Research using smartphones is demonstrating how these can make various forms of therapeutic interventions more accessible using combinations of data from video, virtual reality, texting, search, geographical information systems and gaming techniques as well as popularize more commonly available Internet-based cognitive therapies, psychoeducation and bibliotherapy. Traditional worksheets and therapy homework, such as that found in cognitive behavioural therapy, can be made to be fully interactive to increase patient engagement and retention while wearable applications for heads-up displays are being developed to analyze facial emotions and track vital signs. Smartphone applications can even intervene in a patient with a substance use or other addiction at risk of relapse, alerting its user when they approach a trigger such as a liquor store, and coaching them through difficult social situations, such as a party where alcohol is served. The common theme with these applications is the digitization and automation of much of the health care provider's therapies. This allows patients to increasingly practice self-care, by themselves or with their families or for use in between sessions with their therapist, as a hybrid form of care, both online and in-person. Research is being done to create an entirely technologically based “avatar therapist” that is trained to respond therapeutically to movements and language and replace the human therapist entirely, but this is some years away10.
Mobile mental health care is a very exciting field of research that is progressing rapidly. There are hundreds of mental health applications already available and many more are being developed and driven by large amounts of venture capital funding, especially in the USA with the result that many of the applications that are already in use are not always backed by the latest research, or even much research at all. There are however, guidelines available suggesting best practices for assessing a relatively untried clinical application7.

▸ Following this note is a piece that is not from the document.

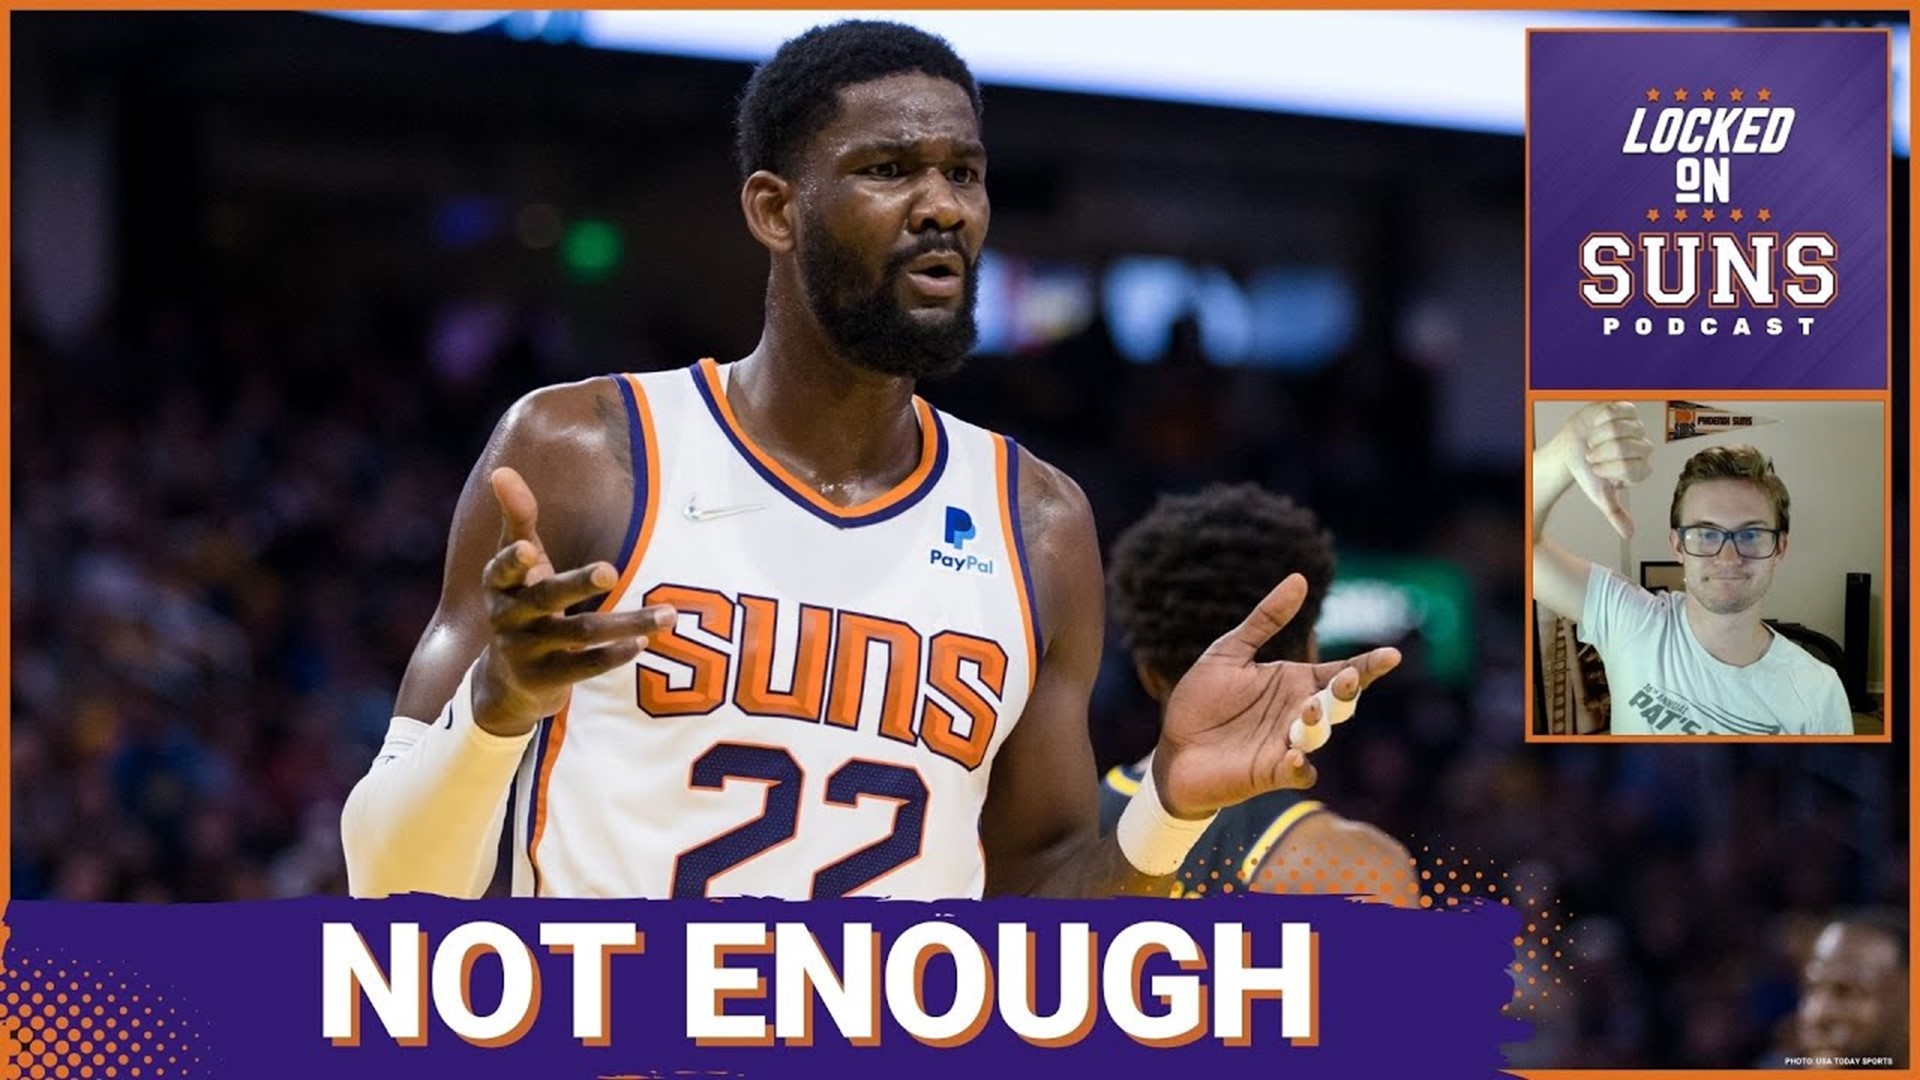 A late Phoenix Suns comeback wasn't enough in a loss to the Warriors, despite Devin Booker going for 32 and Deandre Ayton getting 27.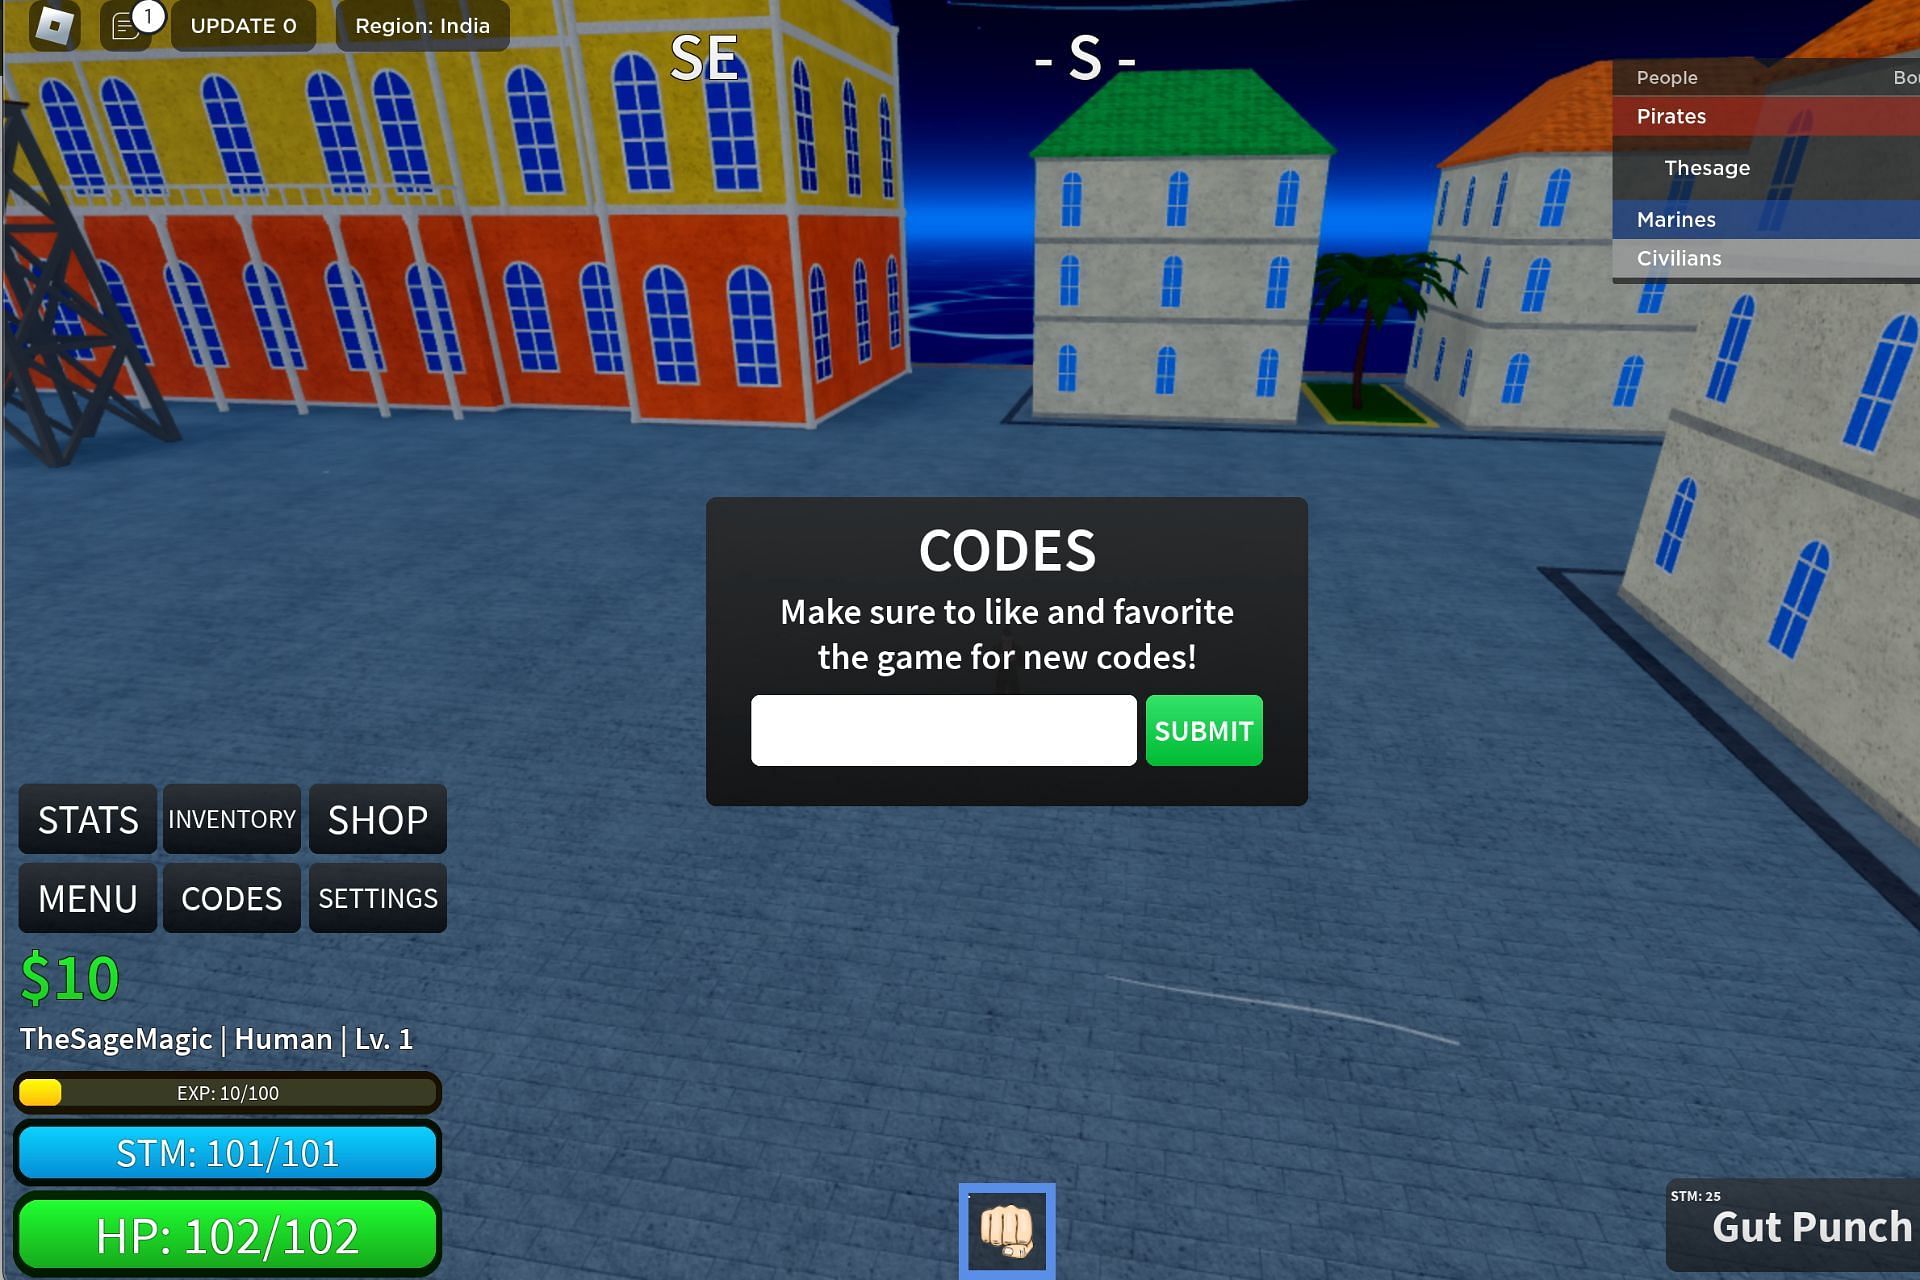 The code redemption space (Image via Roblox)

Despite these drawbacks, the potential for mental health applications cannot be understated. For a country like India, these offer the option of leapfrogging mental health care over many hurdles of access and funding, and of substantially improving the mental health of the country, and in particular of the youth of the nation. The theme of World Mental Health Day in 2015 is “Dignity in Mental Health”. In India this could mean respecting the need of the youth of the country and making substantial strategic investments in mobile mental health care as part of the excellent National Mental Health Plan in order to help those who are suffering and help to meet the goals of the Plan.